Peritrichia capicola

Scientific classification
- Kingdom: Animalia
- Phylum: Arthropoda
- Class: Insecta
- Order: Coleoptera
- Suborder: Polyphaga
- Infraorder: Scarabaeiformia
- Family: Scarabaeidae
- Genus: Peritrichia
- Species: P. capicola
- Binomial name: Peritrichia capicola (Fabricius, 1801)
- Synonyms: Melolontha capicola Fabricius, 1801 (not Fabricius, 1781) ; Peritrichia distincta Blanchard, 1850 ; Trichius hirtus Fabricius, 1798 ; Trichius pilosus Fabricius, 1798 ;

= Peritrichia capicola =

- Genus: Peritrichia (beetle)
- Species: capicola
- Authority: (Fabricius, 1801)

Species of beetle

Peritrichia capicola is a species of beetle of the family Scarabaeidae. It is found in South Africa (Western Cape).

== Description ==
Adults reach a length of about 7.5-9.5 mm.

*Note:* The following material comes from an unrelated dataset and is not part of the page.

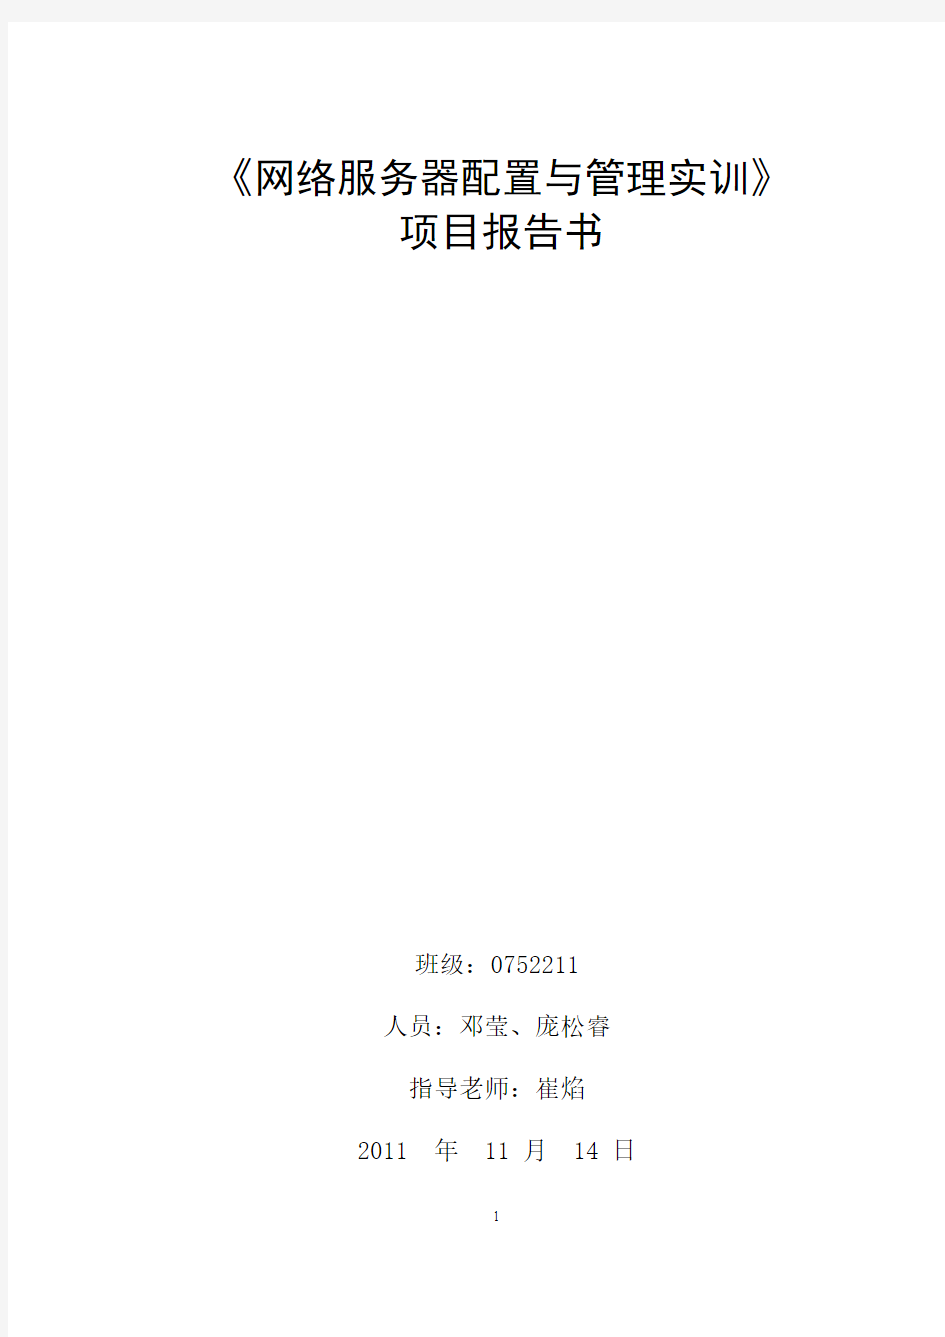 邓莹-0752211-《网络服务器配置与管理实训》实训项目报告书

They are black, with the elytra testaceous red, broadly margined with black outwardly and along the suture in males, redder and not infuscate in females. There is a narrow band of short, sub-squamose hairs along the margins of the pronotum, and as often as not there are two minute patches of similar hairs on the disk. The elytra are clothed with long greyish and black hairs, the former pre-dominating in males, and flavescent in females.